Das ist harte Arbeit. Ich muss lesen, ich muss mich auseinandersetzen. Manchmal zweifle ich wieder an meinem Beruf, das verringert meine Motivation und Leidenschaft. Und gleichzeitig soll mein Arbeitgeber mir diese Weiterbildung gönnen. Ich kann meinem Arbeitgeber nicht verdenken, wenn er meine Weiterbildung ablehnt.
Derzeit ist noch nichts entschieden. Ich muss bald vor versammelter Mannschaft antreten und mich darum bewerben. Falls ich die Kosten privat bewältigen muss, kann ich diese kaum von der Steuer absetzen. Das Steueramt wird mir gewiss mitteilen, das sei Liebhaberei und nicht betriebsnotwendig. So sei es.
Ich habe mittlerweile ohnehin so viel Geld in meine Weiterbildungen investiert, dass ich längst ein Häuschen im Mittelland mit dem notwendigen Eigenkapital ausstatten könnte. Diese weiteren 8’000 CHF werde ich irgendwie verkraften und deswegen nicht verhungern. Ich müsste bloss anderswo meine Ausgaben reduzieren.

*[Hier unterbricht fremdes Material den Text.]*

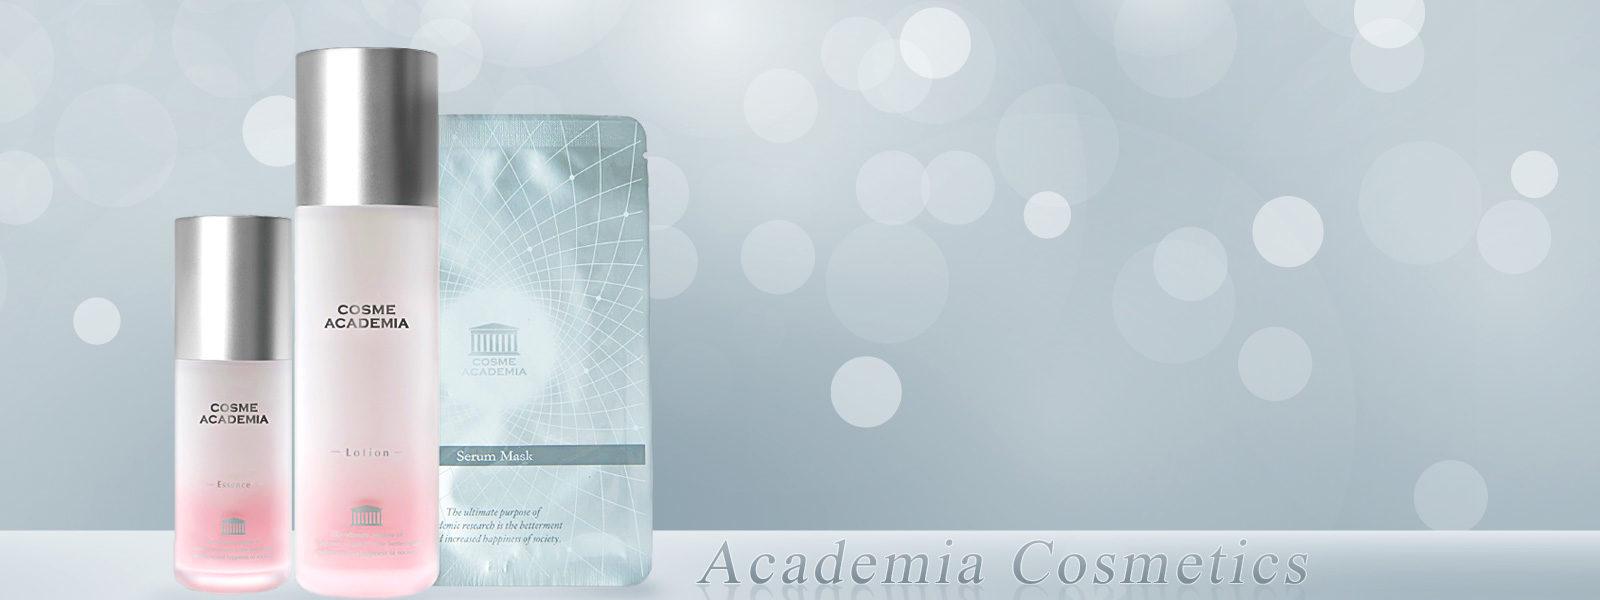 大学の技術を結集して開発する化粧品 = アカデミア コスメ

Die Professorin ist meine Privatdozentin. Sie stellt Aufgaben, ich versuche zu liefern. Dann philosophieren wir gemeinsam das Gelesene. Man könnte alles auch im Internetz nachlesen. Dennoch entstehen neue Gedanken und Ideen, die in der Einsamkeit im Chrome selten fruchten. Das Gespräch entscheidet.
Natürlich kann ich selber zum Diskurs nichts beitragen. Ich kann zuhören, empfangen, lernen und meine Positionen hinterfragen. Das genügt mir. Ich habe keinen akademischen Anspruch. Ich will diese Erkenntnisse dann in meinen Alltag transportieren. Ich will berufliche Gleichnisse schaffen.

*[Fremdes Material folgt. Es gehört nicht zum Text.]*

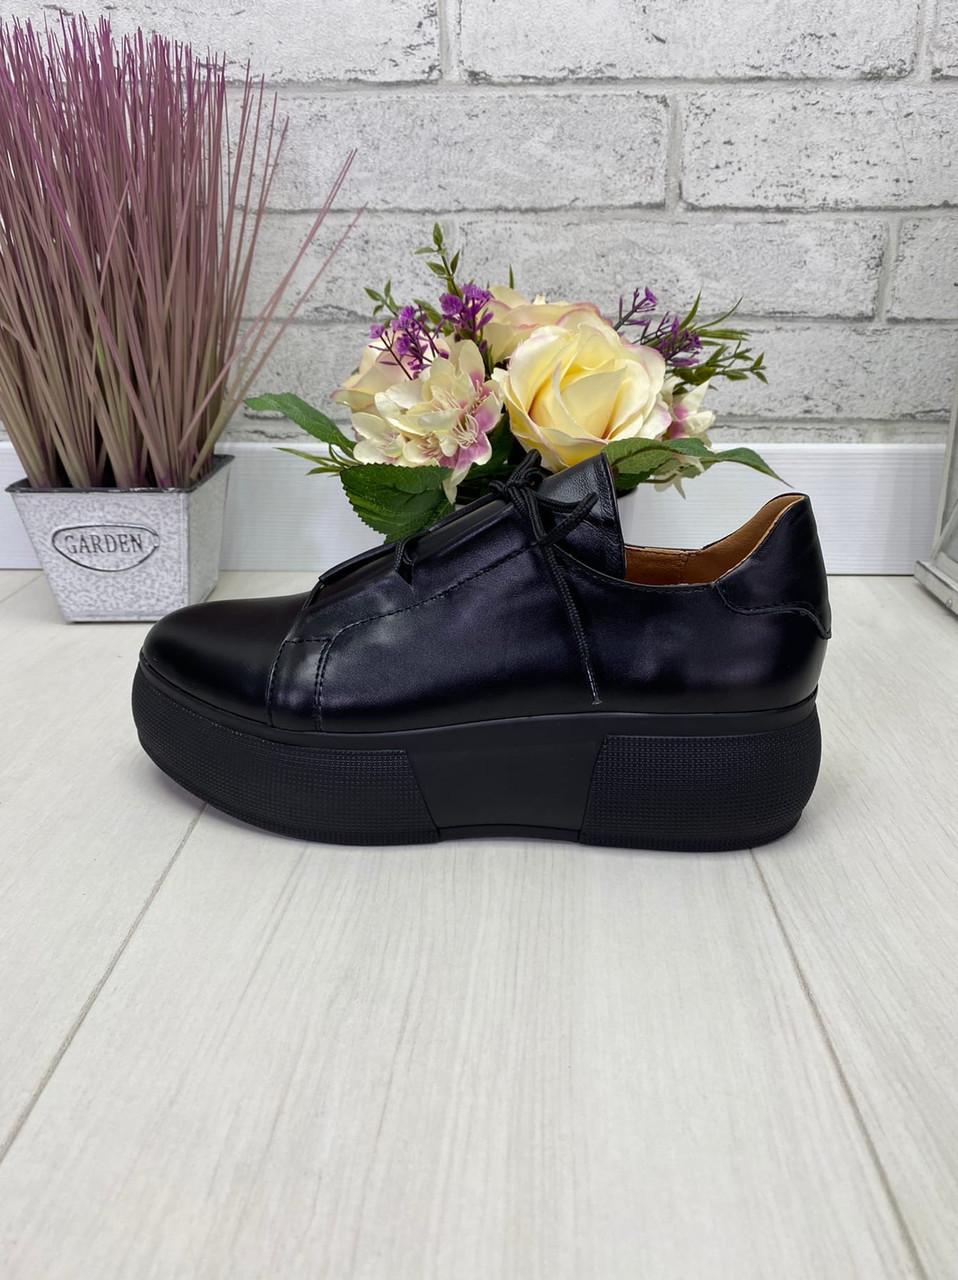 38 р. Кроссовки женские черные кожаные на подошве, из натуральной кожи, натуральная кожа

Ich konnte den Kategorischen Imperativ bereits als Gleichnis im Berufsalltag veranschaulichen. Ich will mehr davon. Ich will die Erkenntnis der Philosophie übersetzen, damit sie allgemein verständlicher sind im Berufsalltag. Ich will nicht aufklären oder belehren oder bekehren.
Ich will bloss, dass die Menschen zufriedener und sinnerfüllter arbeiten können und nicht im 21. Jahrhundert massenhaft zusammenbrechen und Identität verlieren müssen in ihren sinnlosen und befristeten Jobs. Ich werde hier ganz lokal und klein einen winzigen Beitrag leisten. Ganz minim. Die Philosophie hilft bloss.
Das erklärt, warum ich Philosophie derzeit «studiere». Ich fühle mich eher als Lehrling denn als Student. Ich bin nicht eingekesselt von anderen Studenten, ich muss mich nicht beweisen und rechtfertigen. Ich bin einfach ein neugieriger und interessierter Lehrling, der alles wissen und erfahren möchte.
Ich habe diese Weiterbildung als Experiment betitelt und mit einem Kostendach gesichert. Falls alles scheitert, also keinen kommerziellen Nutzen für meinen Arbeitgeber einzahlt, wenngleich bloss verzögertn, dann werde ich das Experiment abbrechen und eine «klassische» Weiterbildung fokussieren.